▸ TASK INSTRUCTIONS: Write out every line of the material as it stands, apart from the pictures.

▸ GIVEN MATERIAL:
=== Section Start ===
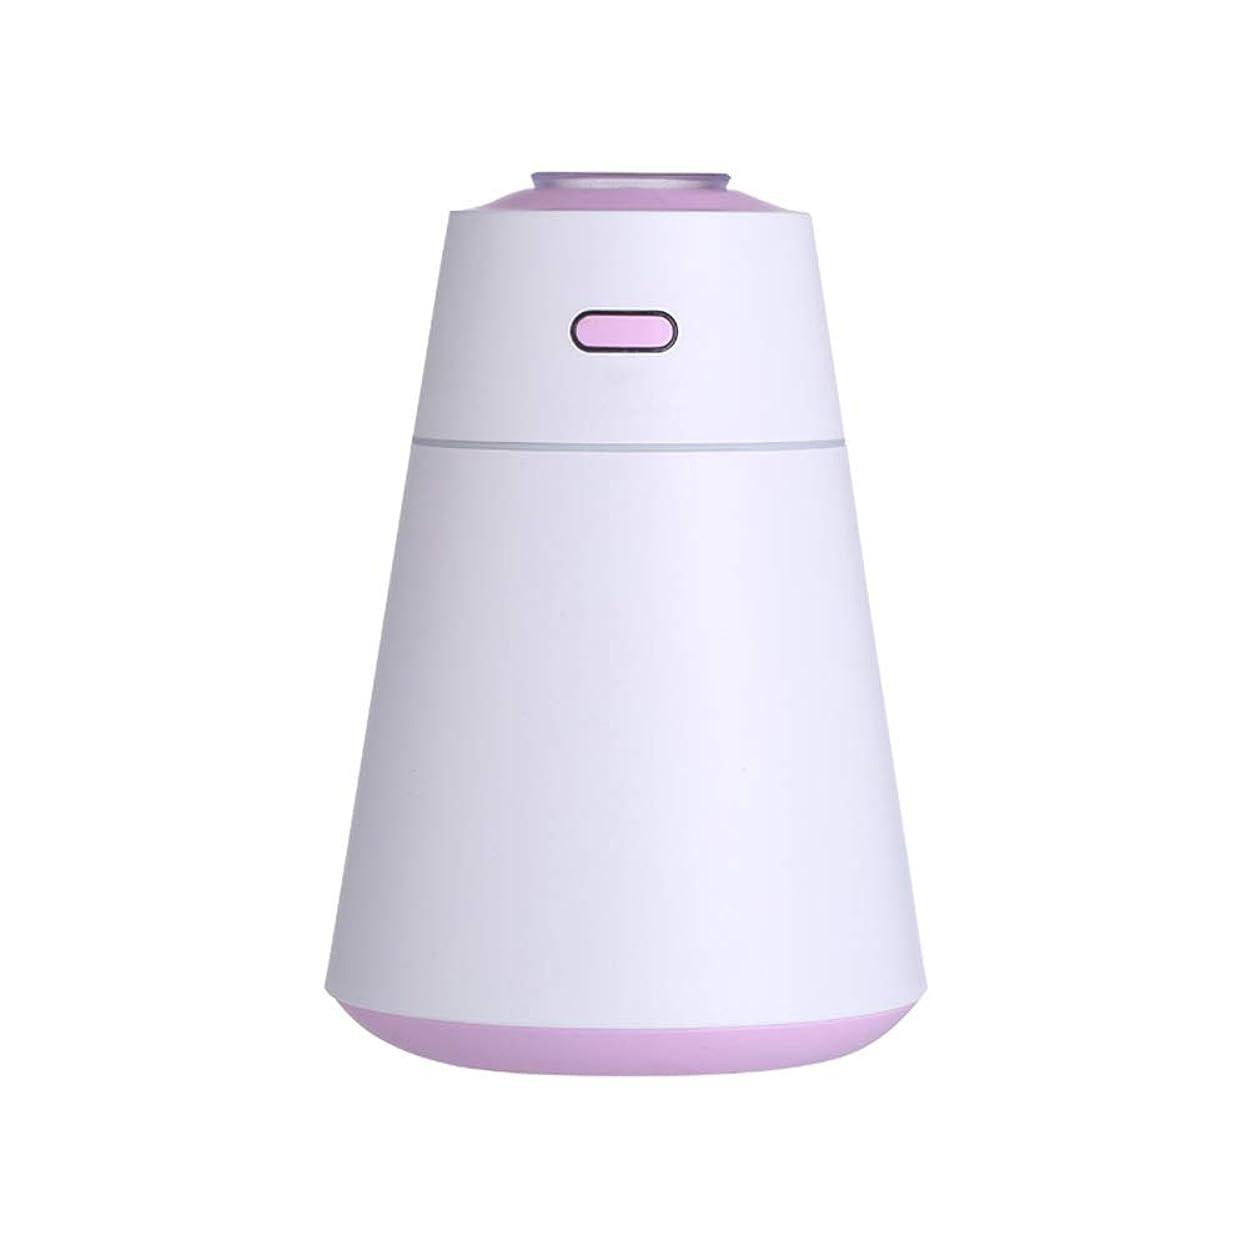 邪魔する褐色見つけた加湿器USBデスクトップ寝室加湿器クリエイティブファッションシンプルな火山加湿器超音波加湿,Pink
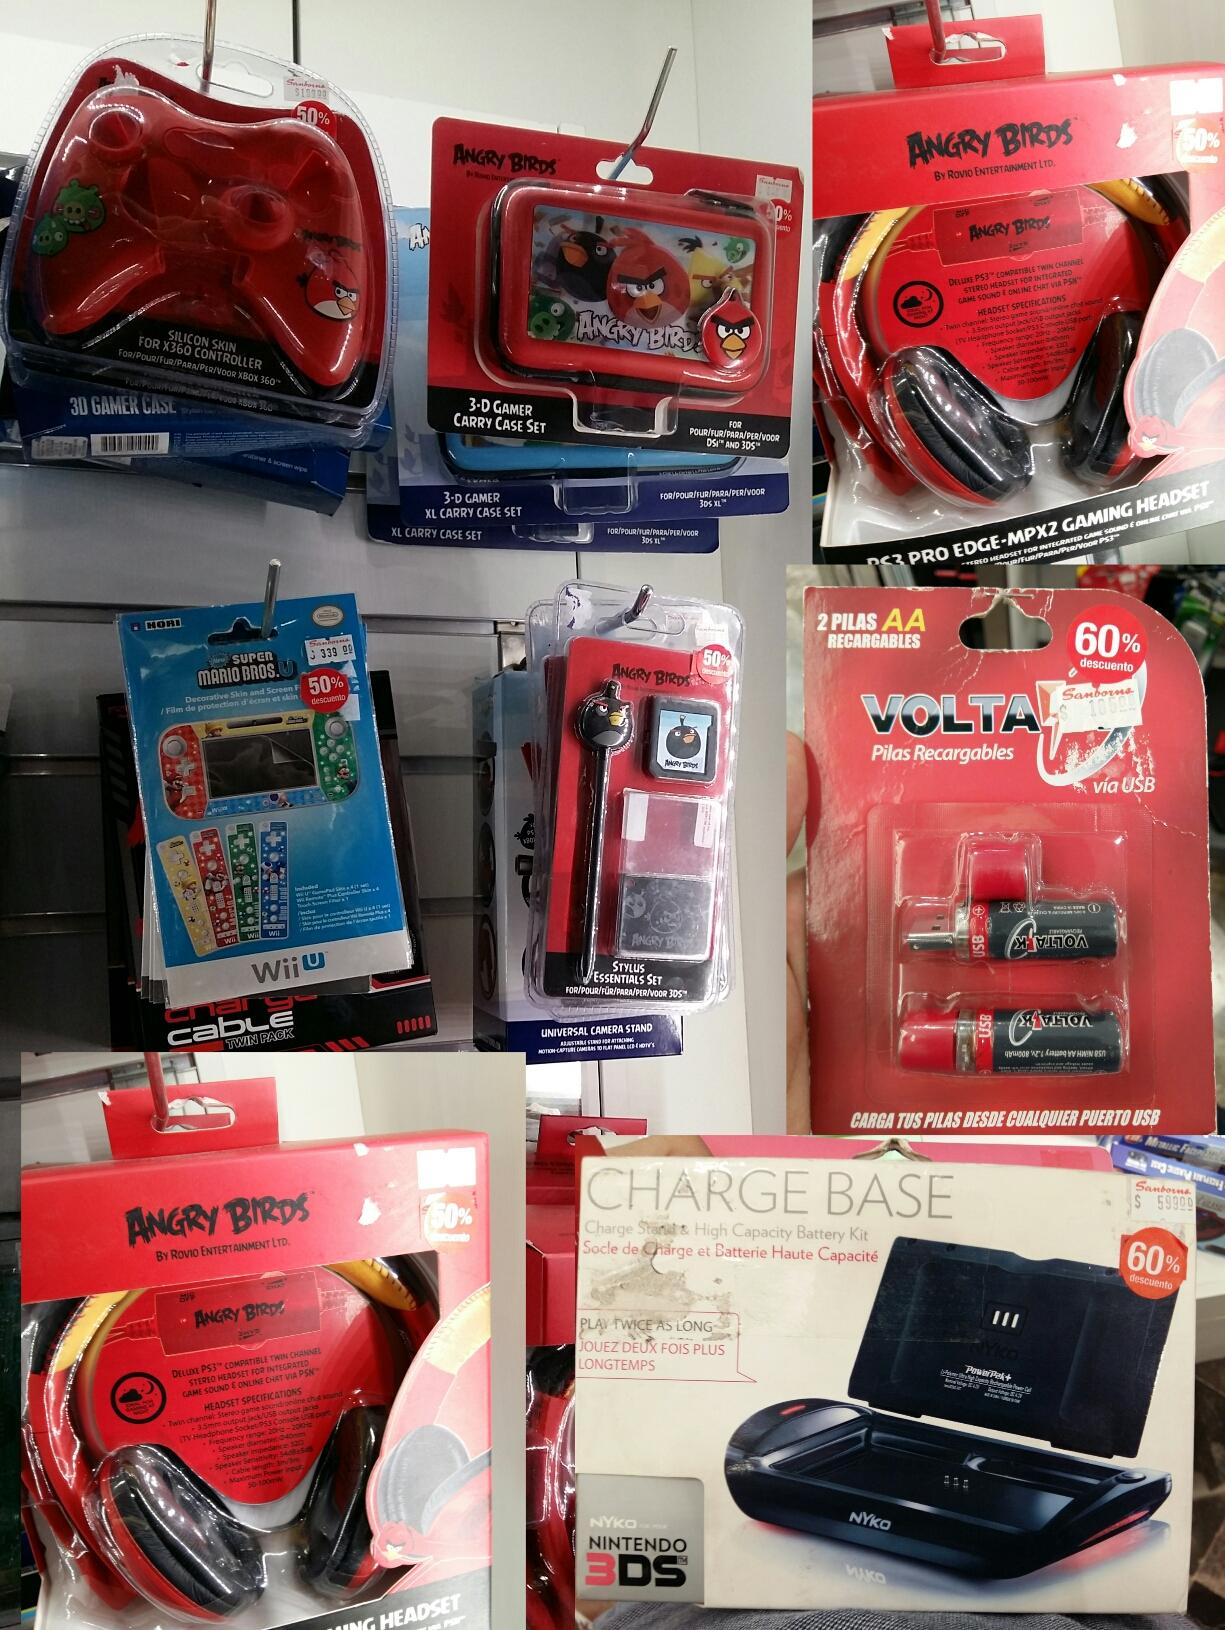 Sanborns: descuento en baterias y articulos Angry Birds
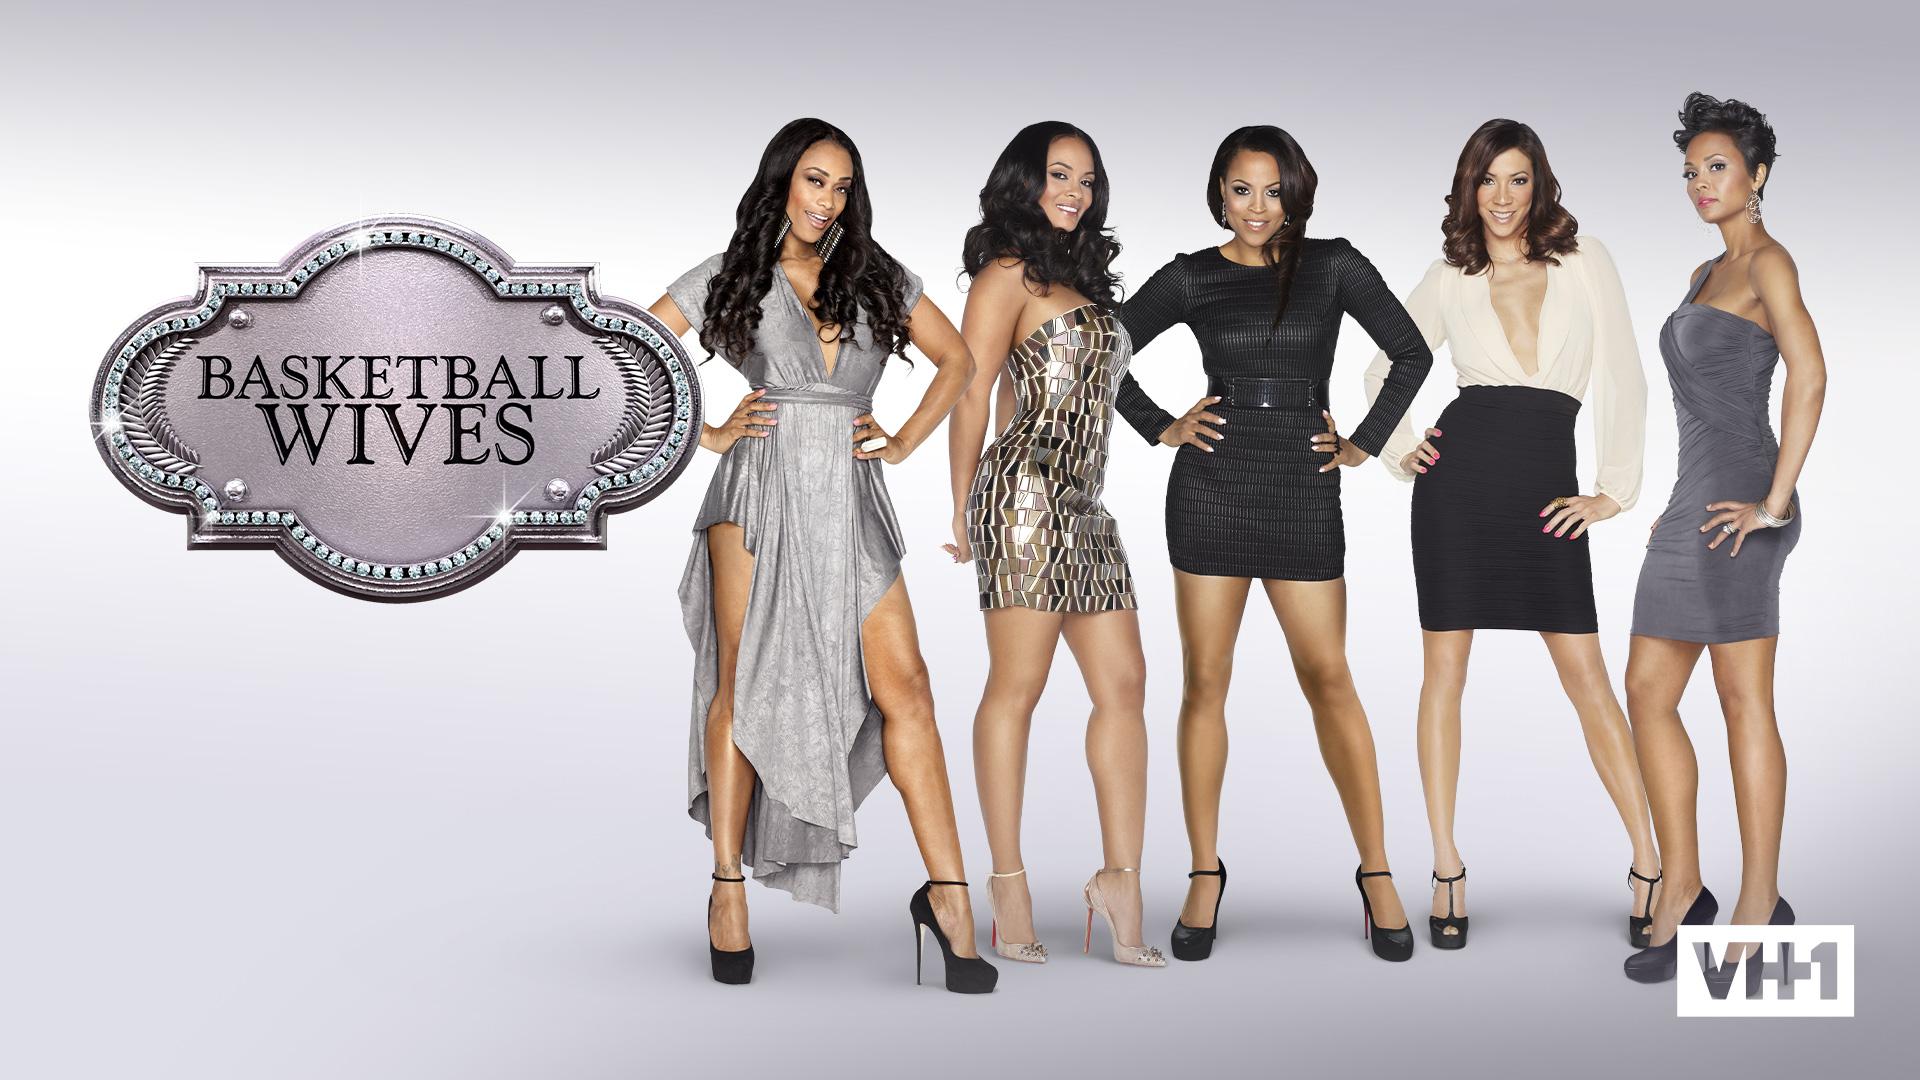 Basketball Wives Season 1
=== Section End ===
▸ YOUR SOLUTION:
 邪魔する褐色見つけた加湿器USBデスクトップ寝室加湿器クリエイティブファッションシンプルな火山加湿器超音波加湿,Pink
 Sanborns: descuento en baterias y articulos Angry Birds
 Basketball Wives Season 1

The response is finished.